Folken watched the change on Garufo's face. It was not proportional to his sudden change in attitude; contrary, it did not appear to change at all. The younger sorcerer took a small sip of his flagon and rolled the fluid on his tongue. This was not his first time to taste alcohol, but it had always been in the form of wine.
Twenty-five years old and you haven't ever tasted beer. You really are out of touch. Perspective is a real problem area.
Folken shook his head for slipping into the mode that convinced him that he needed to compare his status to that of the rest of the world and returned to his automaton state-of-mind. He was an independent variable in a world that formatted to equations; what they did he did not have to balance out socially. He just needed to manipulate them.
Folken swallowed.
"Jaded?"
"I'm old enough to be jaded. You definitely are not."
Garufo took a deep drink of his beer and thumped the flagon down. He sat back and regarded Folken with the casual calculation that comes becomes fluid and mechanically subconscious with years of use.
"How old are you? Twenty-four?"
"Twenty-five."
"Twenty-five. You're still a kid to me."
Folken smirked into his drink. "And Foruma."

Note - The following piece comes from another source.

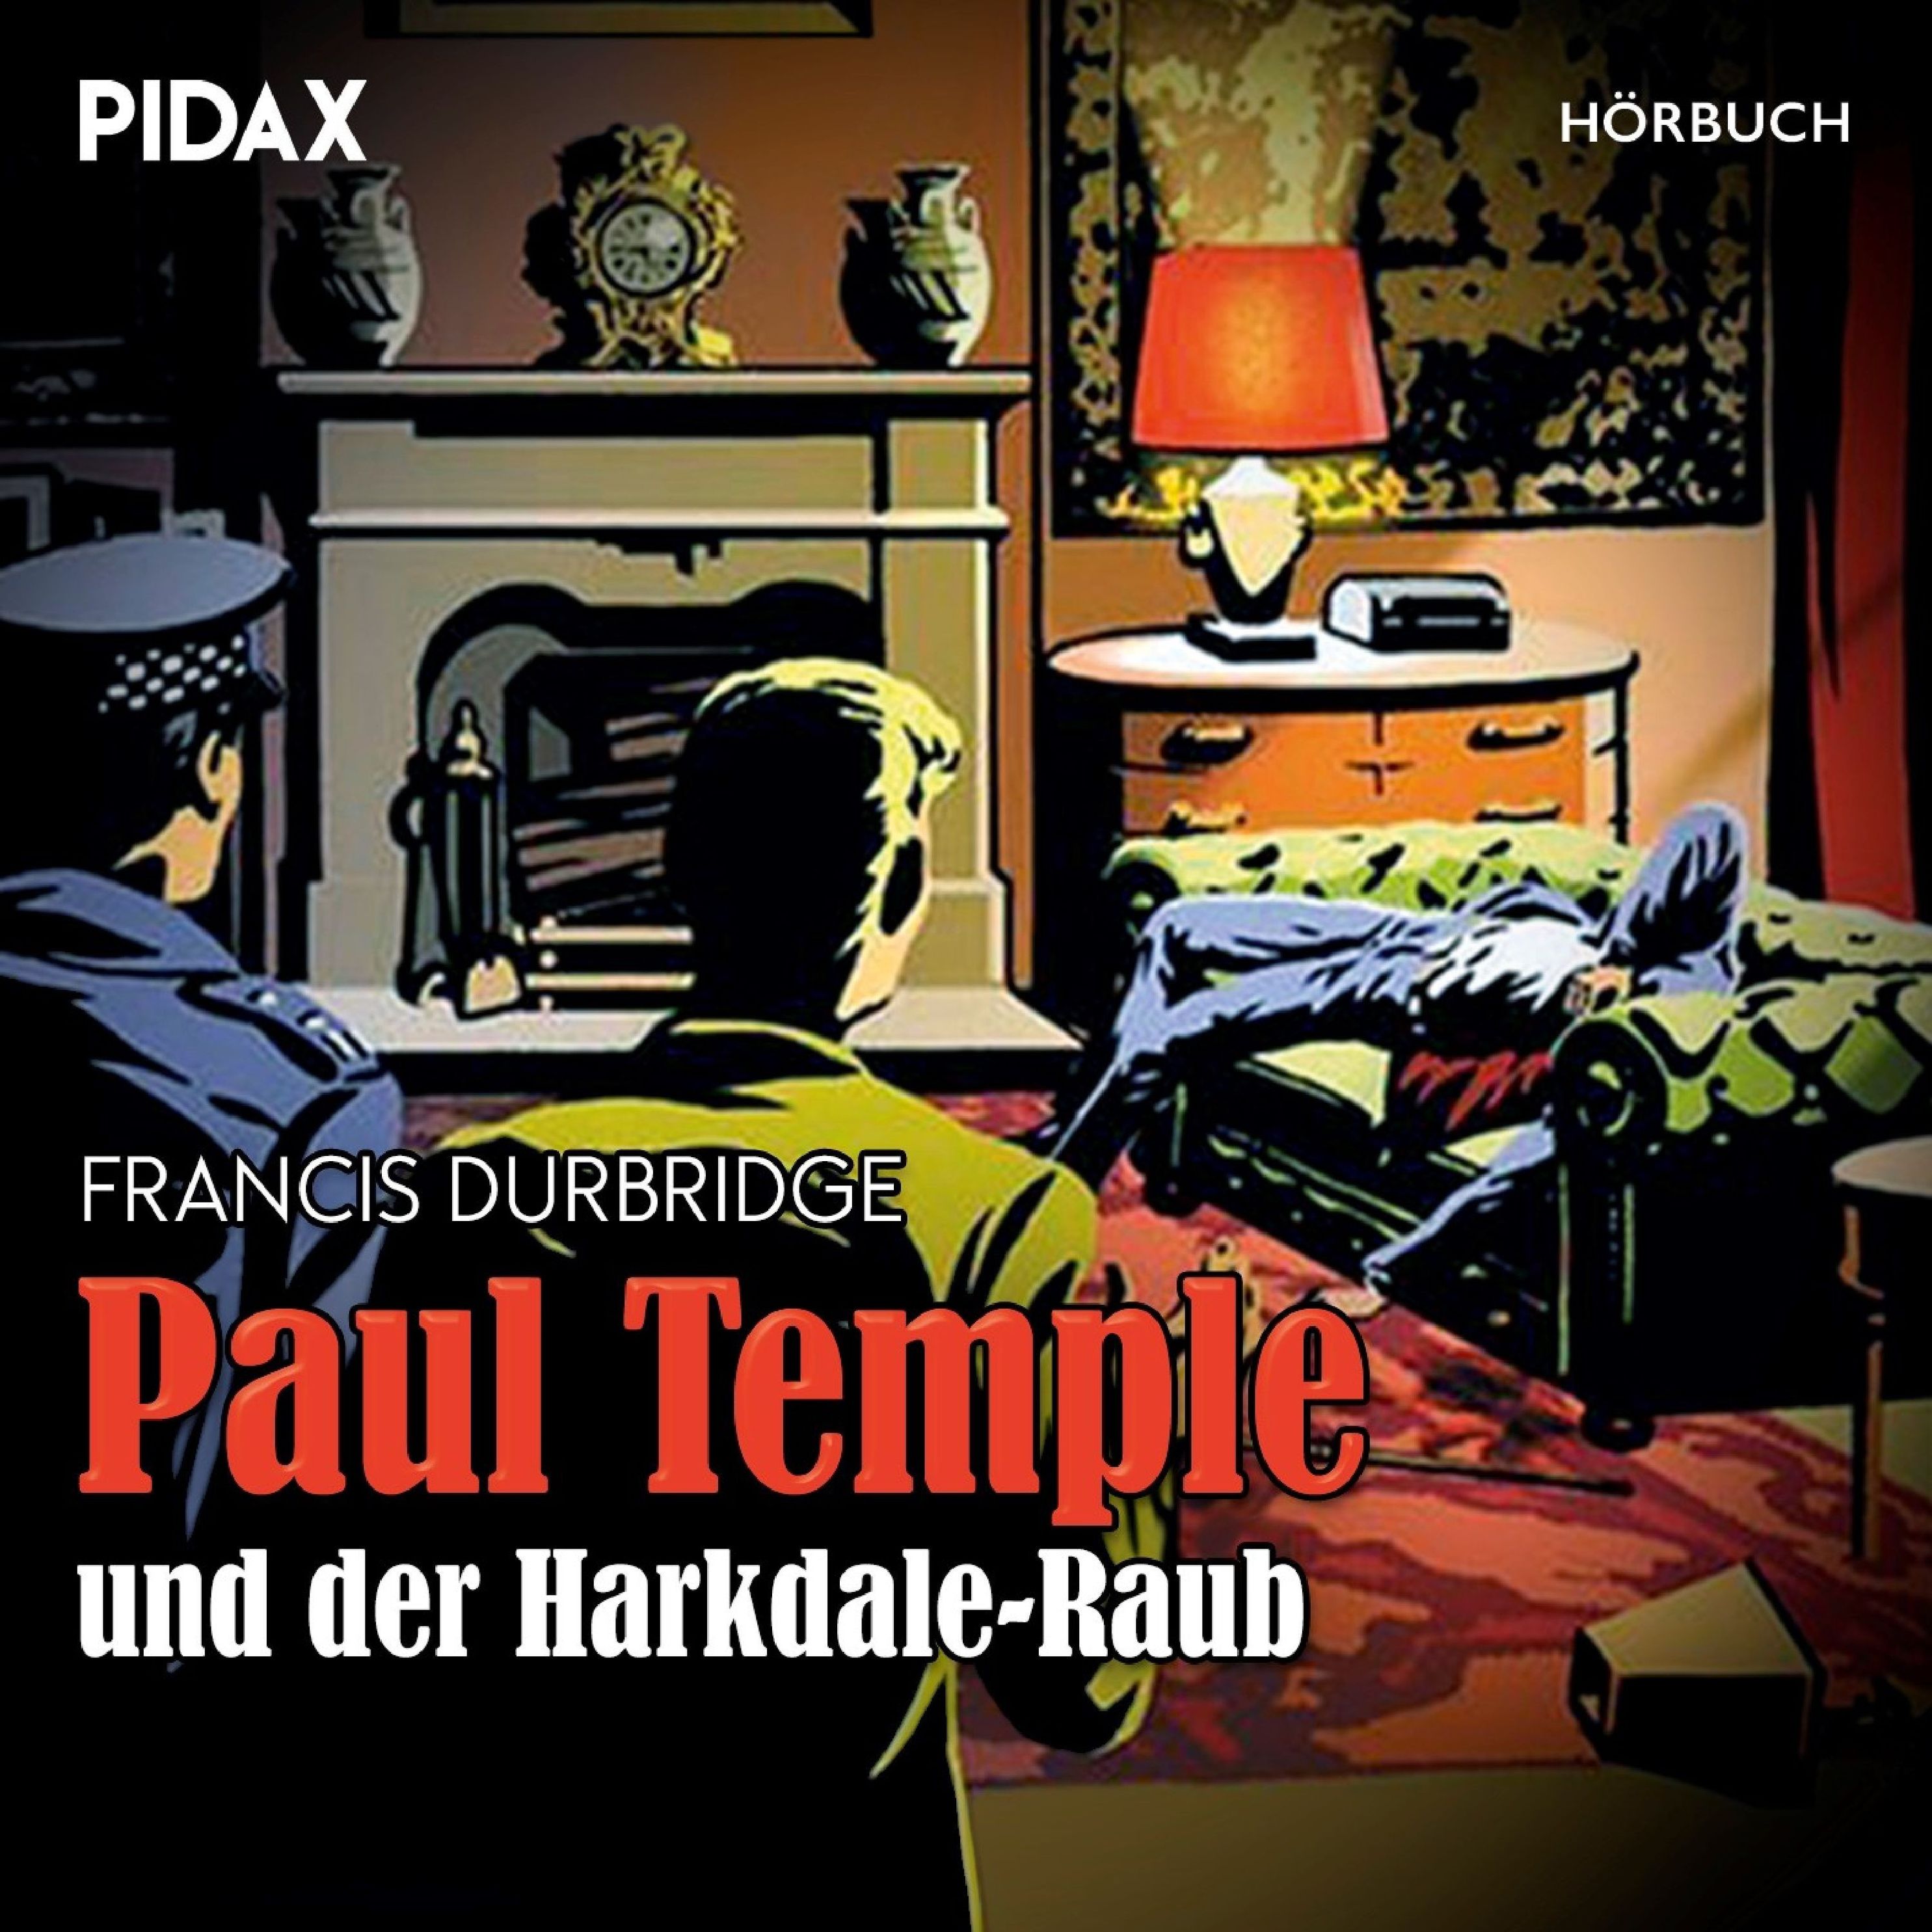 Paul Temple und der Harkdale-Raub Hörbuch Download | Weltbild

"Yeah, all of us old has-beens in the circle. You're three-fourths the age of the youngest of us, and you were initiated when you were one quarter less again that age. Lad, you're too young to be jaded and out. You should still be blazing with passion and tilting at windmills, and be taking pride in the fact that you are. There will be plenty of time to be jaded when you get old. I think it is rather healthy to get this post-adolescent depression nonsense out of the way before you see, over years, that there really is something to be depressed about. What you are feeling now is an immeasurable void of knowledge."
"…pardon?"
"Never mind."
"Hm." Folken took another sip. "Despite outward appearances, I am a deeply emotional person who is inclined to tilt at windmills."
"Oh, it's written all over your face. Literally." Garufo smiled. "At least you're wise enough to recognize that in yourself, eh? Come on, you don't sip a beer. You quaff it."

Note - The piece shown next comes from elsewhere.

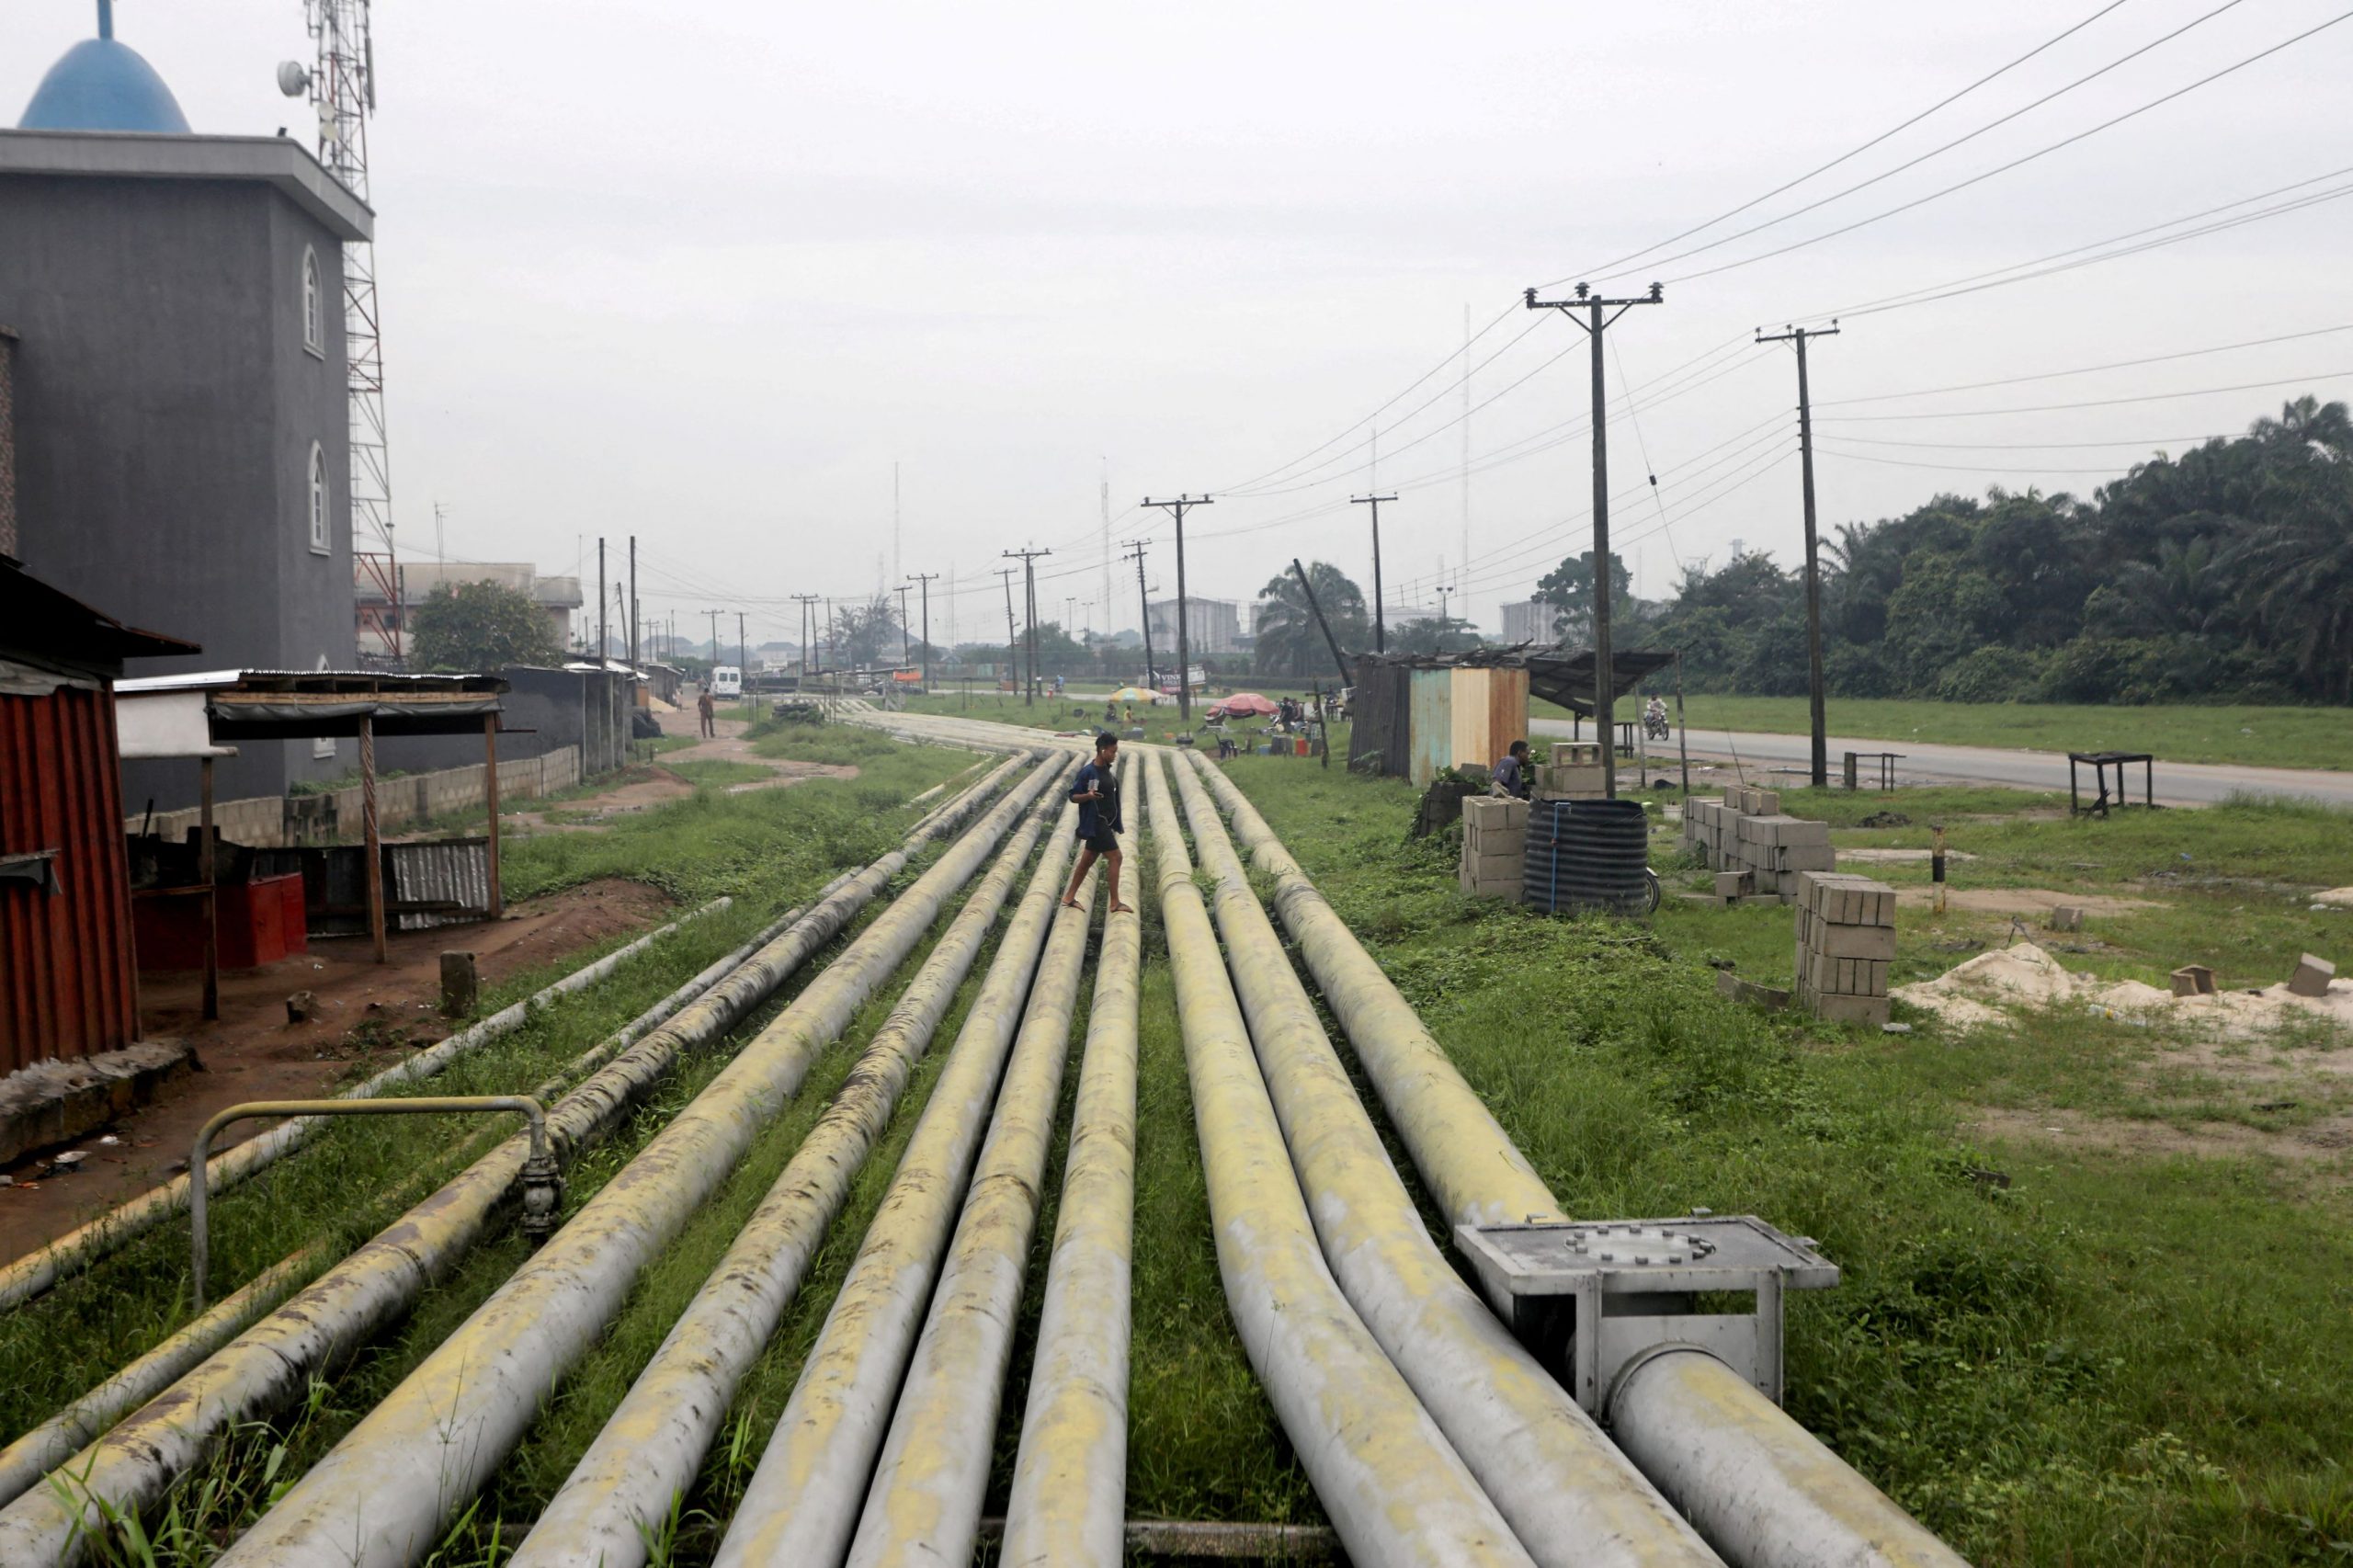 Νιγηρία: Επί 9 χρόνια έκλεβαν πετρέλαιο από εξαγωγικό τερματικό σταθμό

"I have a virgin stomach in this area."
"And a virgin liver to clean it all out."
"I would prefer to keep it that way."
"One drink won't push you over into that land, and you know it. You just don't want to get drunk and speak with a fluidity of discourse that you will come to regret."
"…and?"
"I am just saying. You need to get stuff off of your chest like every other man alive."

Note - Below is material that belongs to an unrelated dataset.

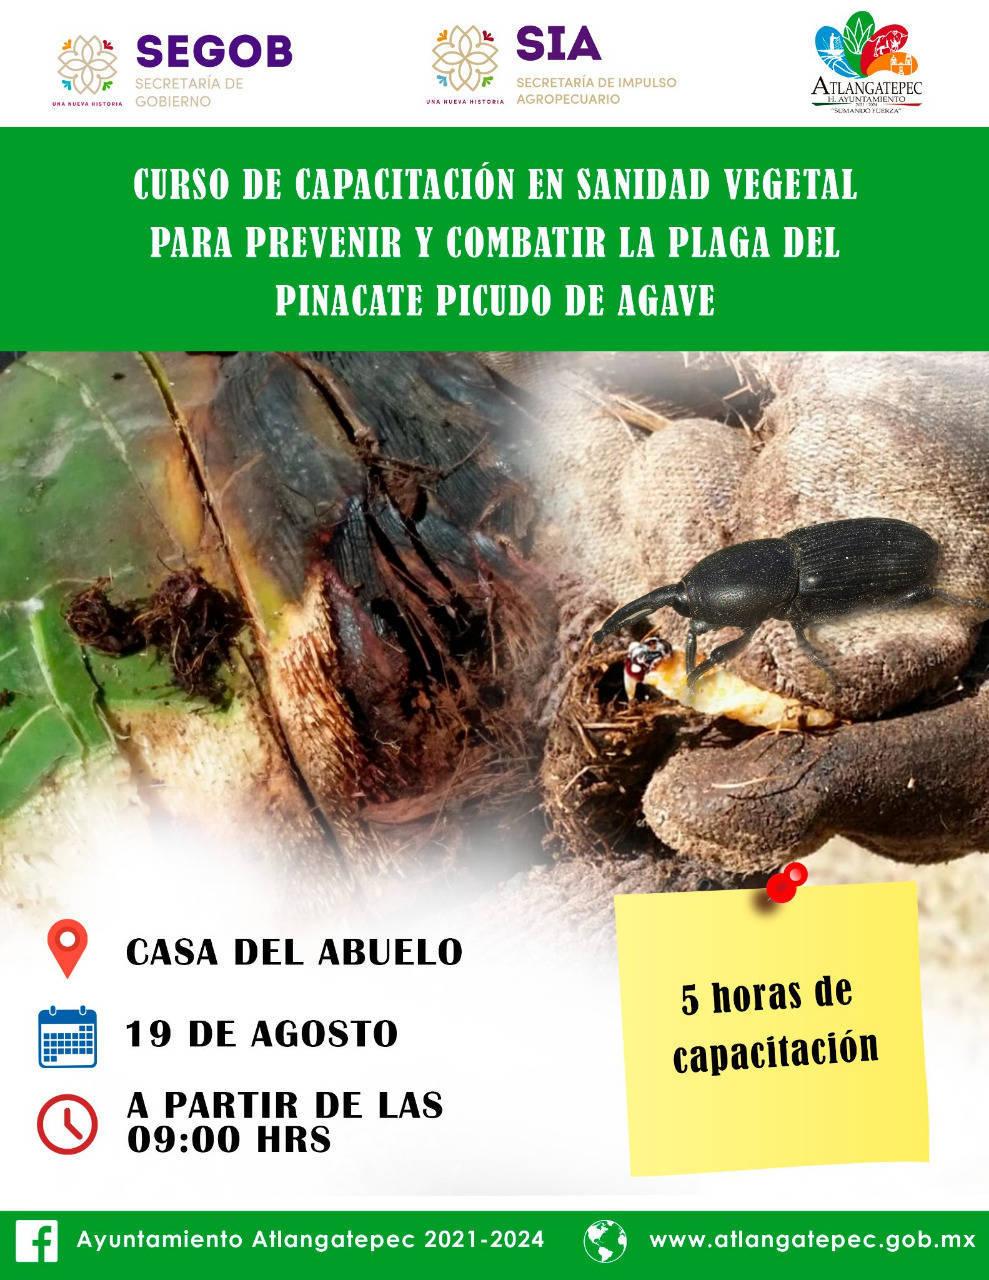 Abren curso en Atlangatepec para prevenir la plaga del pinacate picudo

Annie set the house's nightly entrée of half-fat-half-meat steaks and potatoes in front of the sorcerers and once again gave Folken an enticing smile. Folken avoided eye contact and feigned interest in the window, muttering 'Thank you'.
After Annie had walked away, Garufo hit Folken on his living arm.
"Ow."
"What's wrong with you? Not interested in women?"
"It is not that."
"She's a great girl, you know. She's working her way through a local university on an art major. Sharp as a tack. Besides, any woman who'll put up with you when you're still in work clothes and looking like a suicidal clown is a keeper in my book."
"That was uncalled for."
"It was truth. If this is one of your shyness issues, I'd be happy to introduce you."
"I would appreciate it if you didn't."
"You're too reserved. You need to get to know people." Garufo cut into his steak. "If you are so inclined upon saving the very wishes of every member of the human race you might want to get to know some on an intimate level. Just as friends, even."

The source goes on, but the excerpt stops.